Compared with prior art, in above-mentioned power supply protection system, described delay circuit exports one second direct voltage to described comparison circuit after being full of electricity, described second direct voltage and a reference voltage are compared rear output one control signal to described switching circuit by described comparison circuit, described switching circuit described second direct voltage higher than during described reference voltage by described first direct voltage and described power consumption equipment electrical communication, thus power for described power consumption equipment, electrical connection between described first direct voltage and described power consumption equipment disconnects higher than during a puncture voltage at described first direct voltage by described switching circuit, make described first direct voltage cannot export described power consumption equipment to, achieve the protection to described power consumption equipment when described first direct voltage is excessive.
Accompanying drawing explanation
Fig. 1 is a block diagram of a better embodiment of power supply protection system of the present invention.
Fig. 2 is a circuit diagram of a better embodiment of power supply protection system in Fig. 1.
Main element symbol description
Delay circuit 10
Comparison circuit 20
Switching circuit 30
Power consumption equipment 40
Comparator U1
DC power supply U2
First triode T1
Second triode T2
3rd triode T3
4th triode T4
5th triode T5
Field-effect transistor Q
Voltage stabilizing didoe DZ
First diode D1
Second diode D2
3rd diode D3
4th diode D4
5th diode D5
First electric capacity C1
Second electric capacity C2
3rd electric capacity C3
4th electric capacity C4
5th electric capacity C5
First resistance R1
Second resistance R2
3rd resistance R3
4th resistance R4
5th resistance R5
6th resistance R6
7th resistance R7
8th resistance R8
9th resistance R9
Tenth resistance R10
11 resistance R11
12 resistance R12
13 resistance R13
14 resistance R14
15 resistance R15
Following embodiment will further illustrate the present invention in conjunction with above-mentioned accompanying drawing.
Embodiment
Refer to Fig. 1, in a better embodiment of the present invention, a power supply protection system is with thinking that a power consumption equipment 40 is powered, and described power supply protection system comprises delay circuit 10, comparison circuit 20 and a switching circuit 30.Described delay circuit 10 receives one first direct voltage, and described first direct voltage is that described delay circuit 10 charges, and described delay circuit 10 exports one second direct voltage to described comparison circuit 20 after being full of electricity.Described second direct voltage and a reference voltage are compared rear output one control signal to described switching circuit 30 by described comparison circuit 20.Described first direct voltage and described power consumption equipment 40 electrical communication are powered for described power consumption equipment 40 according to the control signal received by described switching circuit 30.

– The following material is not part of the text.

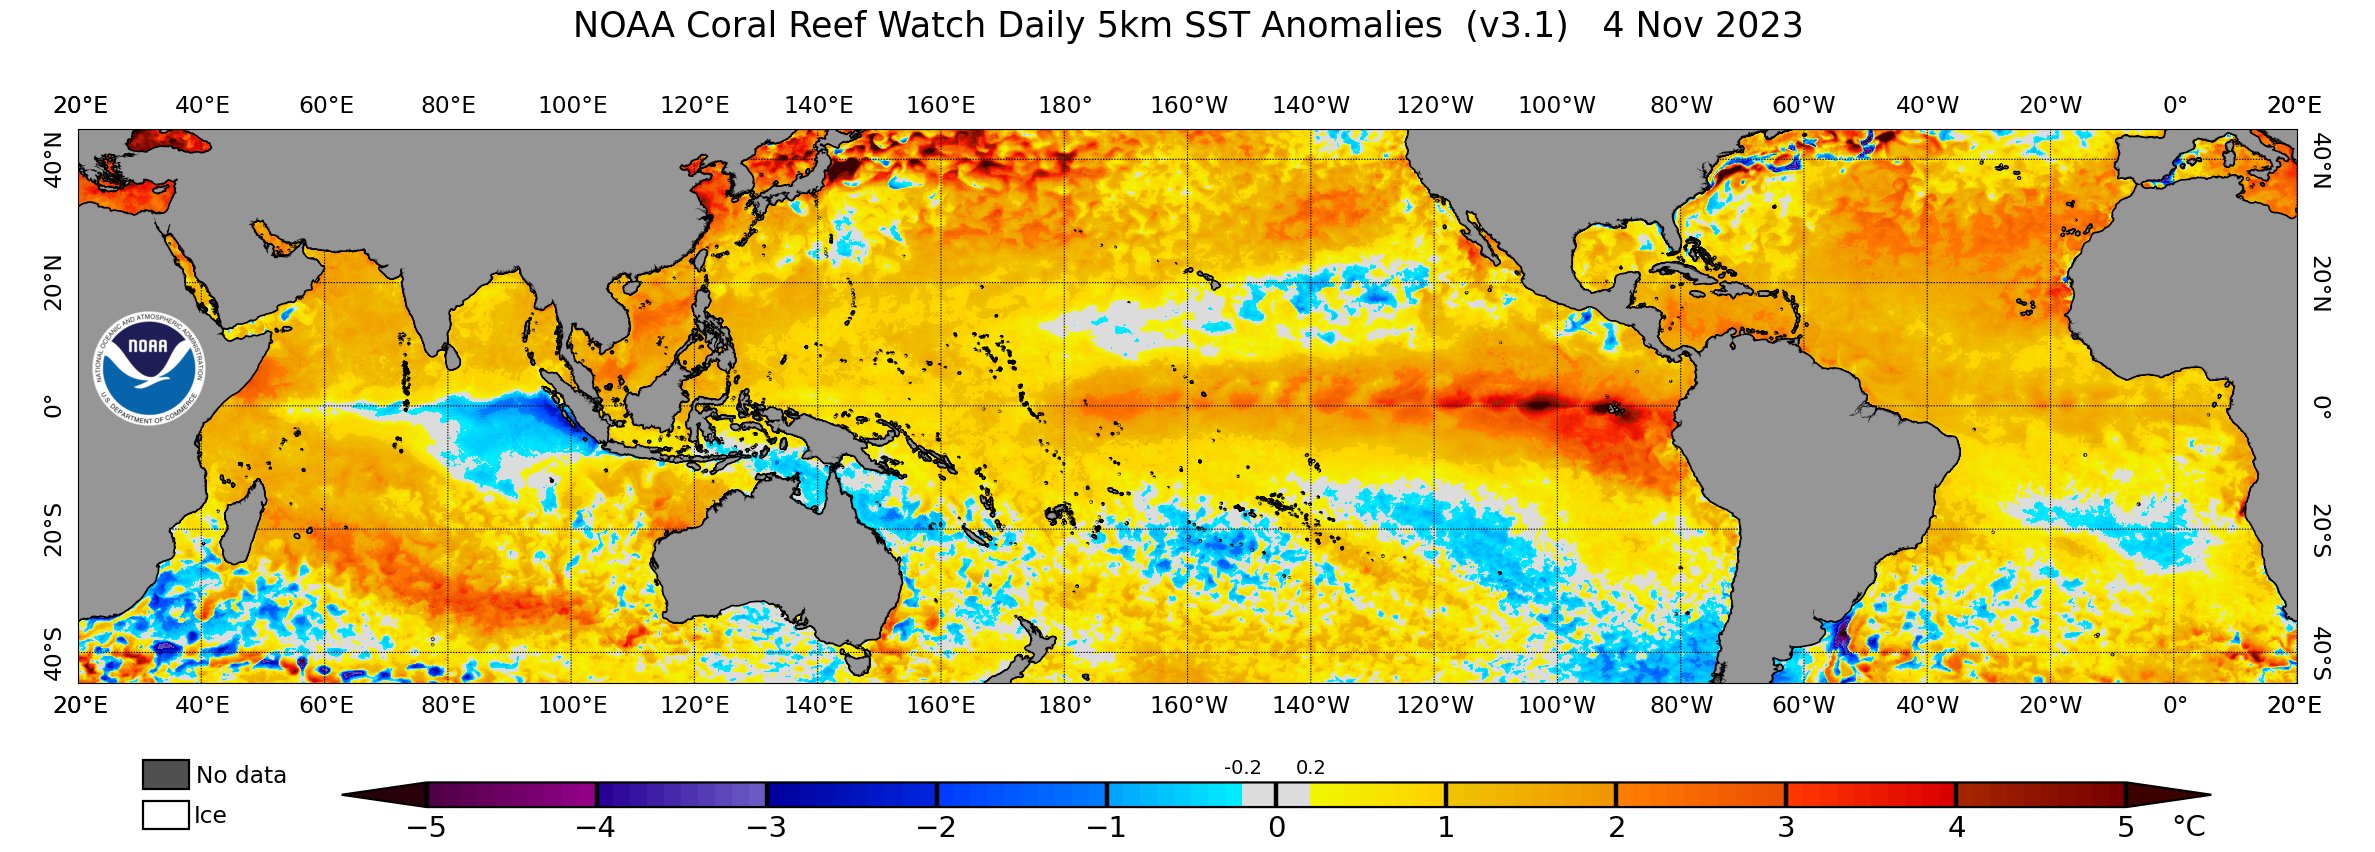 Sea surface temperature anomalies for November 4th from NOAA's Coral Reef Watch.

Refer to Fig. 2, described delay circuit 10 comprises one first diode D1, one first electric capacity C1 and one first resistance R1.The anode of described first diode D1 receives described first direct voltage, and the negative electrode of described first diode D1 is electrically connected one end of described first resistance R1.The other end of described first resistance R1 is via described first electric capacity C1 ground connection.Described second direct voltage is exported at the other end of described first resistance R1 after described first electric capacity C1 is full of electricity.
Described comparison circuit 20 comprises a comparator U1, a DC power supply U2, one second diode D2, one the 3rd diode D3, one second electric capacity C2, one the 3rd electric capacity C3, one second resistance R2, one the 3rd resistance R3, one the 4th resistance R4 and the 5th resistance R5.Described comparator U1 comprises input, a reverse input end, an output, a power end and an earth terminal in the same way.Described DC power supply U2 comprises a first end, one second end and an earth terminal.

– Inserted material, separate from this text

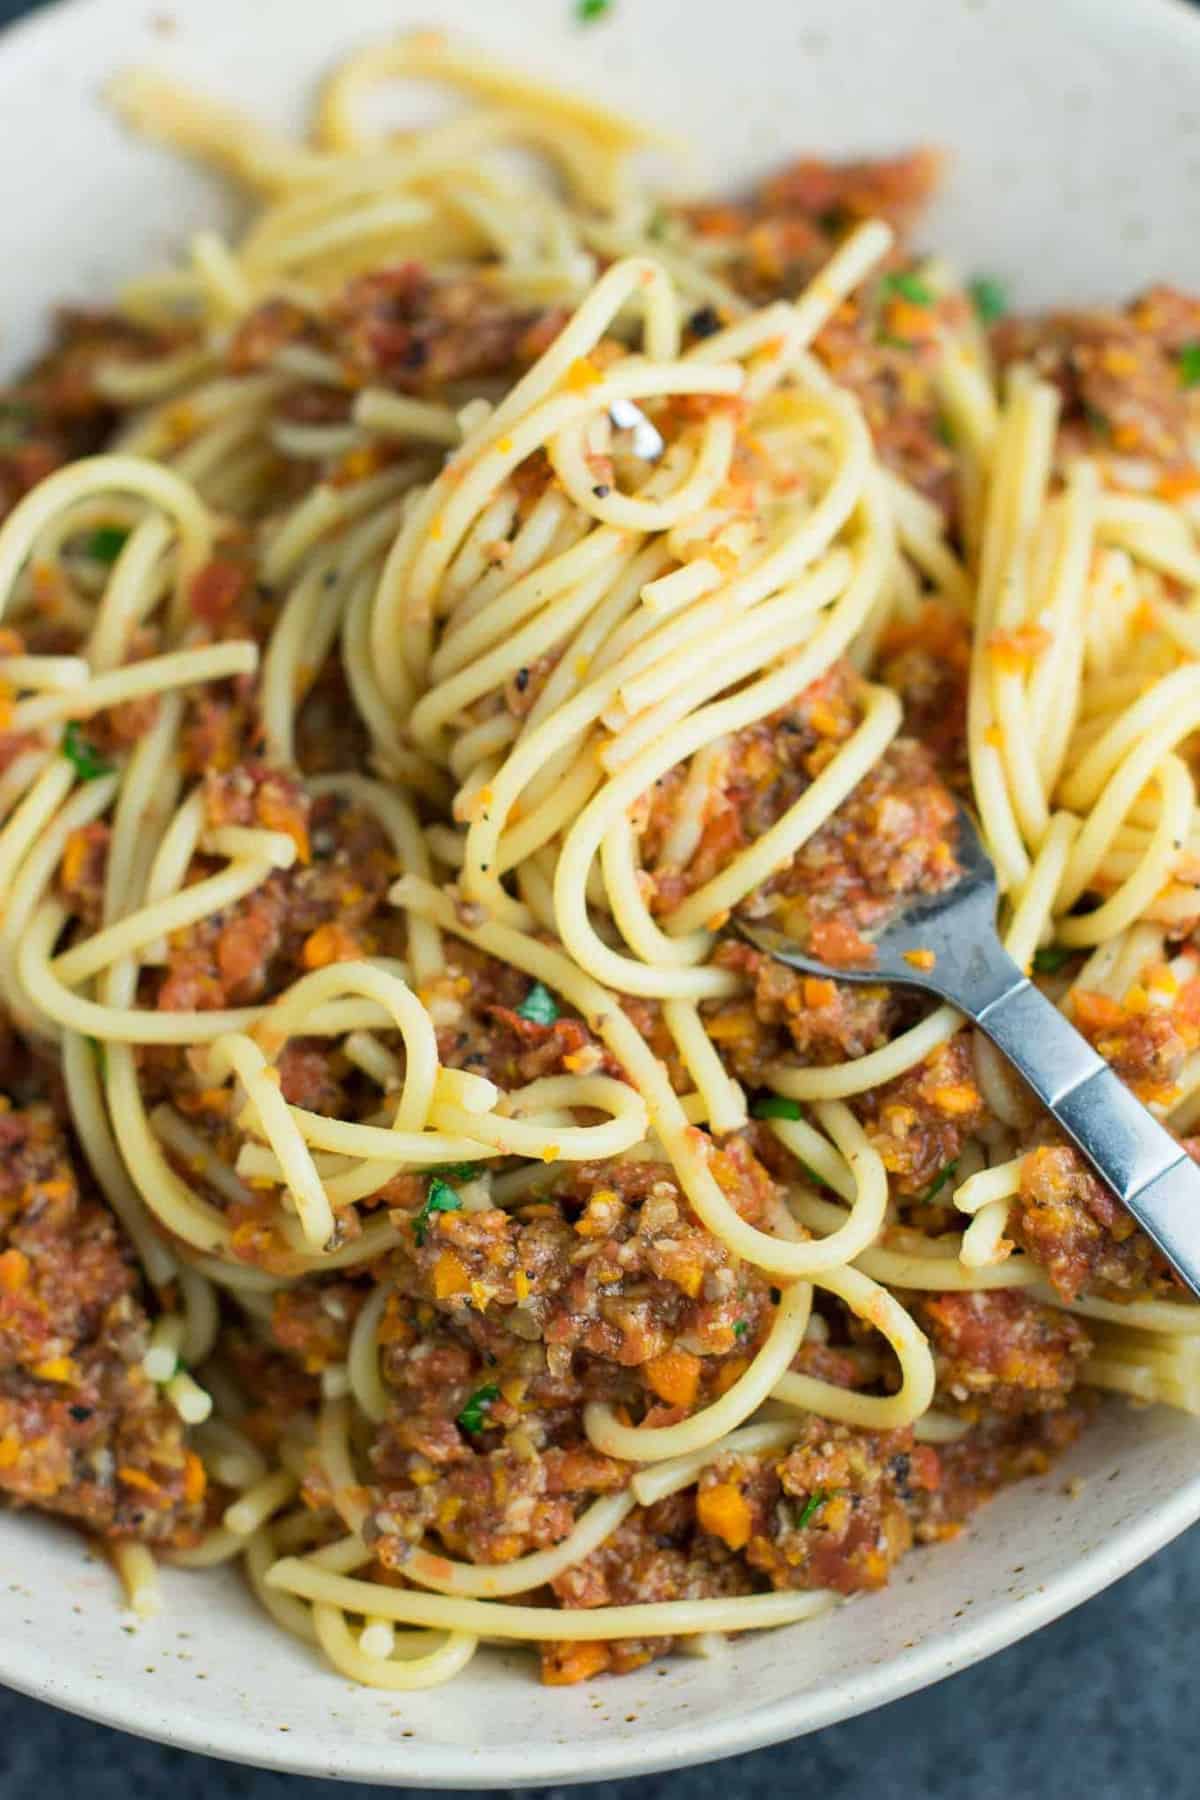 Vegetable bolognese recipe made with mushrooms, carrots, celery, garlic, and onion. A delicious meatless vegetarian "meat" sauce recipe. #vegetablebolognese #vegan #vegetarian #bologneserecipe

The reverse input end of described comparator U1 is electrically connected the other end of described first resistance R1, and the reverse input end of described comparator U1 is via described second resistance R2 ground connection.The output of described comparator U1 is electrically connected the anode of described second diode D2 via described 5th resistance R5, the output of described comparator U1 is electrically connected the anode of described 3rd diode D3.The negative electrode of described second diode D2 is through ground connection.The negative electrode of described 3rd diode D3 exports described control signal.The power end of described comparator U1 is via described 3rd electric capacity C3 ground connection.The first end of described DC power supply U2 is electrically connected the negative electrode of described first diode D1, and the first end of described DC power supply U2 is via described second electric capacity C2 ground connection.Second end of described DC power supply U2 is electrically connected the power end of described comparator U1, and second end of described DC power supply U2 is electrically connected one end of described 3rd resistance R3.The other end of described 3rd resistance R3 is electrically connected the input in the same way of described comparator U1, and the other end of described 3rd resistance R3 is via described 4th resistance R4 ground connection.
Described switching circuit 30 comprises one first triode T1, one second triode T2, one the 3rd triode T3, one the 4th triode T4, one the 5th triode T5, one field-effect transistor Q, one voltage stabilizing didoe DZ, one the 4th diode D4, one the 5th diode D5, one the 6th resistance R6, one the 7th resistance R7, one the 8th resistance R8, one the 9th resistance R9, the a tenth resistance R10, the a 11 resistance R11, the a 12 resistance R12, the a 13 resistance R13, the a 14 resistance R14, the a 15 resistance R15, one the 4th electric capacity C4 and the 5th electric capacity C5.Each first triode T1, the second triode T2, the 3rd triode T3, the 4th triode T4 and the 5th triode T5 comprise a base stage, an emitter and a collector electrode respectively.Described field-effect transistor Q comprises a grid, one source pole and a drain electrode.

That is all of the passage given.